Bug #46320 CPCD: checking if processes are running is fragile, and depending on scheduling
Submitted: 21 Jul 2009 11:59 Modified: 10 Feb 2010 4:17
Reporter: Jørgen Austvik Email Updates:
Status: Won't fix Impact on me:
None 
Category:MySQL Cluster: Cluster (NDB) storage engine Severity:S3 (Non-critical)
Version: OS:Any
Assigned to: Assigned Account CPU Architecture:Any

[21 Jul 2009 11:59] Jørgen Austvik
Description:
In CPCD::Process::start():

 switch(m_processType){
  case TEMPORARY:{
  ..
  do_exec();
  ..
  if(isRunning()){
    m_status = RUNNING;
    return 0;
  }
  m_status = STOPPED;
  return -1;

ATRT log:

2009-07-20 19:12:25 [ndb_atrt] DEBUG    -- system(atrt-setup.sh tyr16 /export/home2/tmp/ndb/cr_autotest/run-2-dn-mysql-5.1-telco-6.3/run/ndb_api.1/ /export/home2/tmp/ndb/cr_autotest/run-2-dn-mysql-5.1-telco-6.3/run/ndb_api.1)
2009-07-20 19:12:26 [ndb_atrt] ERROR    -- Unable to start process: Failed to start

CPCD log:

2009-07-20 19:12:26 [ndb_cpcd] INFO     -- Starting 2906: 4-ndb_api
2009-07-20 19:12:26 [ndb_cpcd] DEBUG    -- Started temporary 2906 : pid=343
2009-07-20 19:12:27 [ndb_cpcd] DEBUG    -- kill pid: -343 : No such process
2009-07-20 19:12:27 [ndb_cpcd] INFO     -- Process list saved as 'ndb_cpcd.db'
2009-07-20 19:12:27 [ndb_cpcd] DEBUG    -- Sent SIGTERM to pid -326
2009-07-20 19:12:27 [ndb_cpcd] INFO     -- Process list saved as 'ndb_cpcd.db'
2009-07-20 19:12:27 [ndb_cpcd] CRITICAL -- Stopping process with bogus pid: -1 id: 7403

What we see is that the process is started and get PID 343. It then exits before we execute isRunning().
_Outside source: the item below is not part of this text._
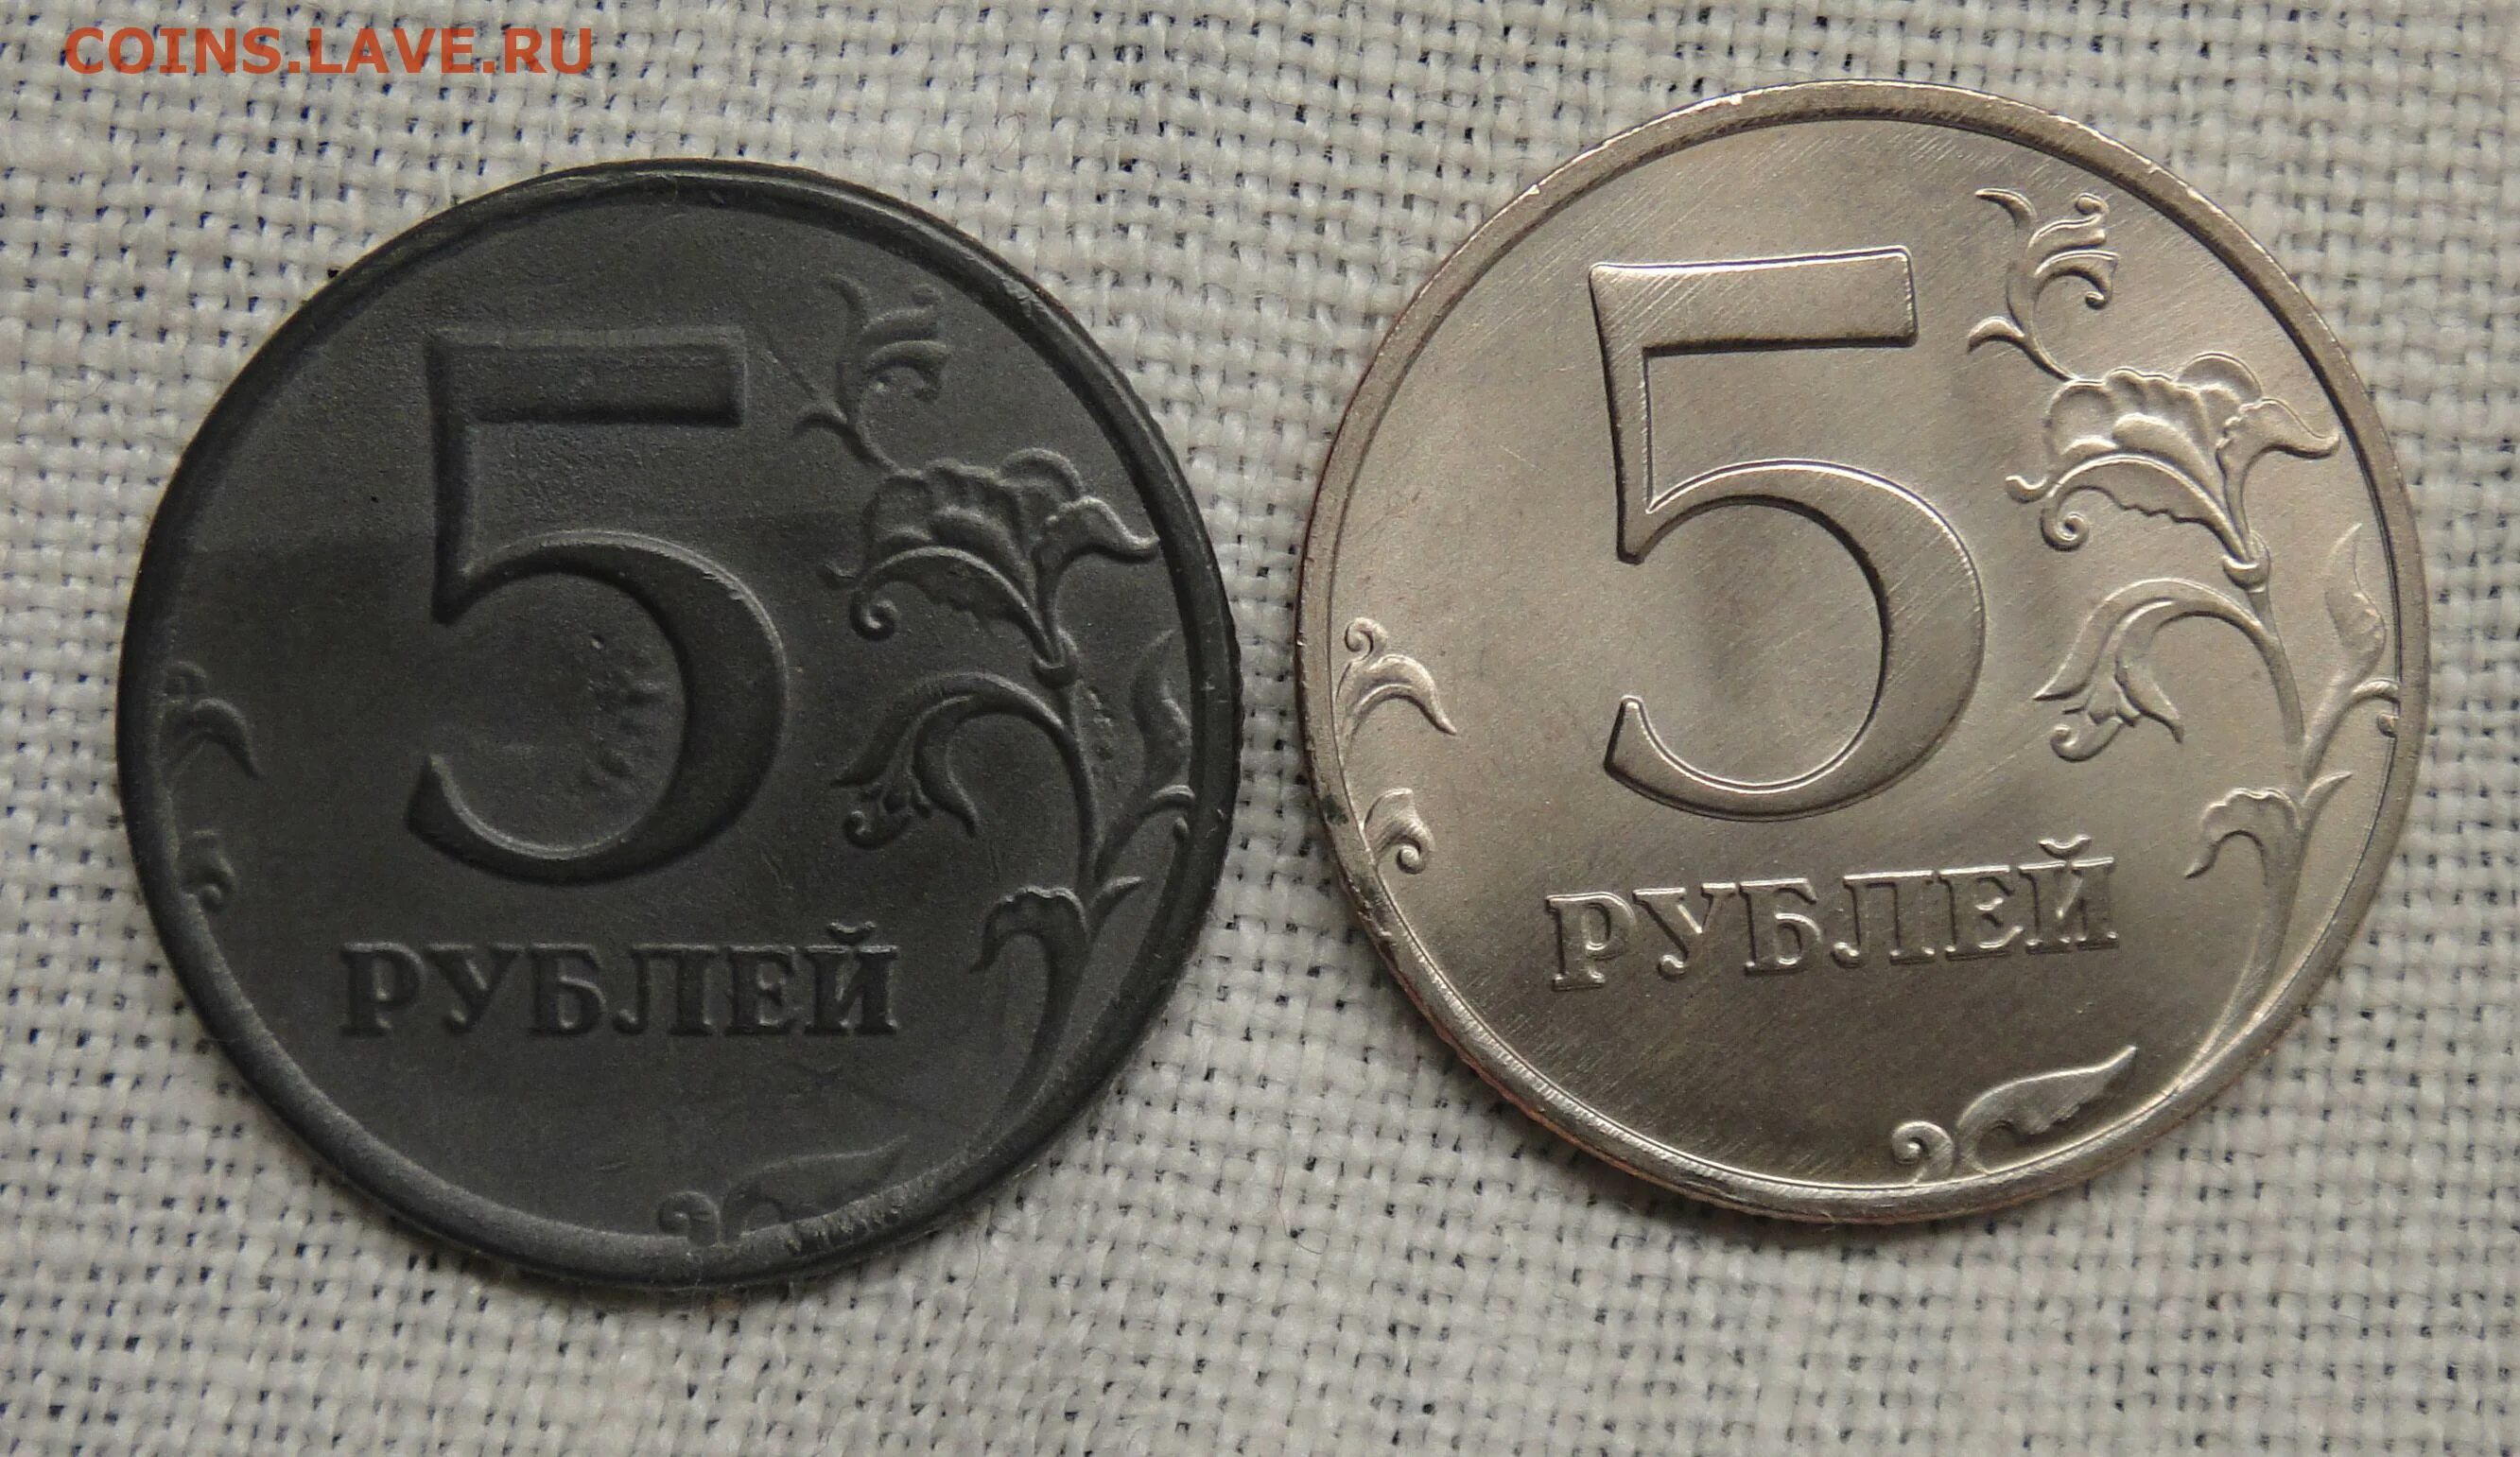 5 рублей новгород 1997. Фальшивые 5 рублей. 5 Рублей 1997. 5 Руб 1997. Пять рублей 1997 метало.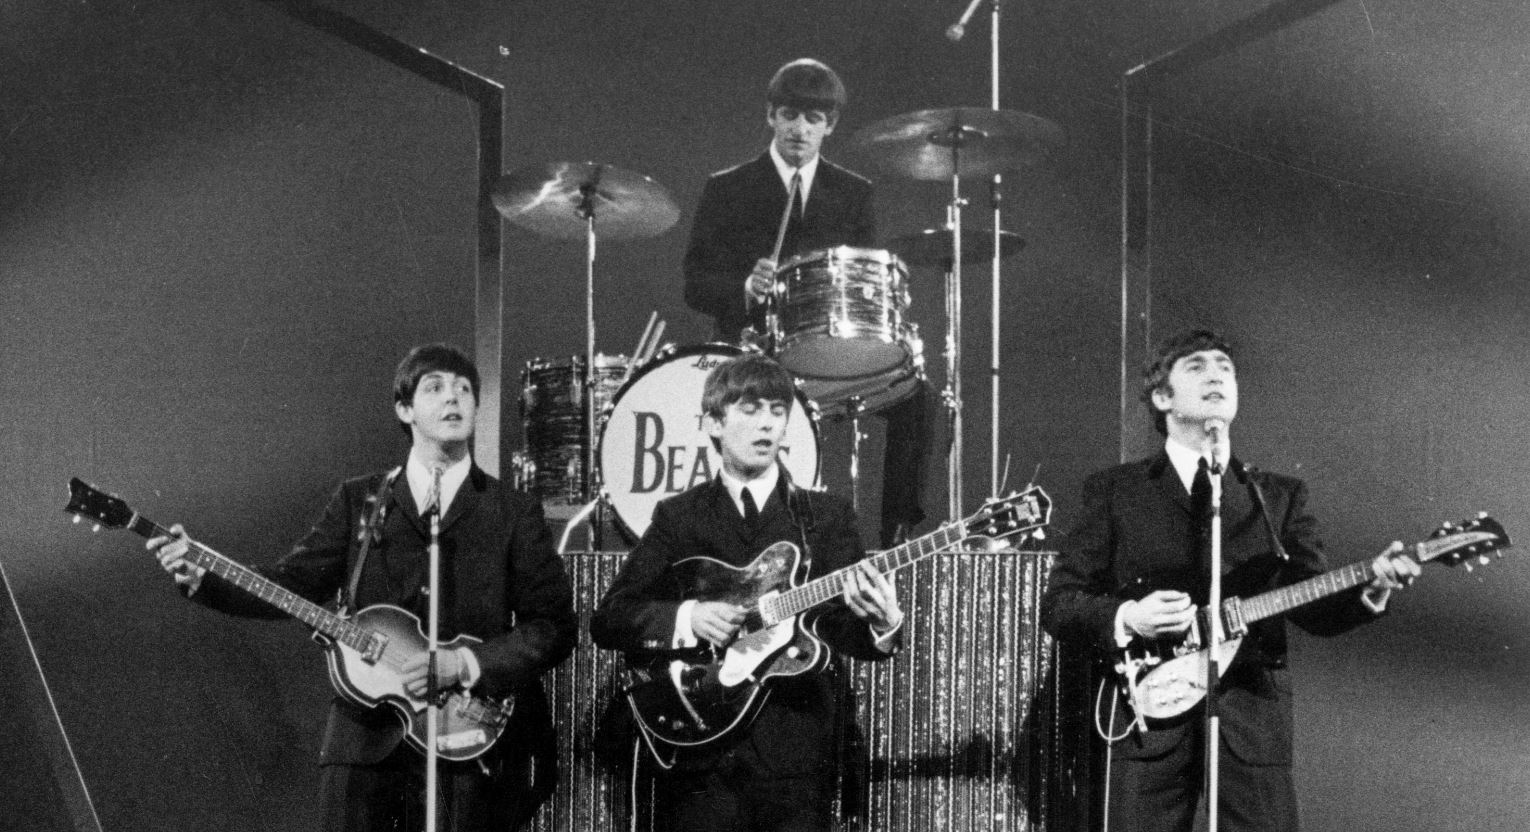 1. The Beatles

The isRunning( called around Process.cpp:436 returns false-1 (the process is not running any more), and CPCD::startProcess() returns "Failed to start" to the client.

How to repeat:
Use cpcd to start short lived process

Suggested fix:
I think calling isRunning() (at least for temporary processes) is wrong, since the process could be scheduled in and exit before the check.

Furthermore I think it would be good if CPCD returned a better error message, along the lines of "Failed to start '%s' in directory: '%s'. Exit status: %d"
[28 Sep 2009 4:40] jack andrews
i noticed this while porting cpcd to windows.
as i can reproduce this easily, i'll see if
there's an easy fix.
[1 Feb 2010 10:44] jack andrews
what do you think of something like this?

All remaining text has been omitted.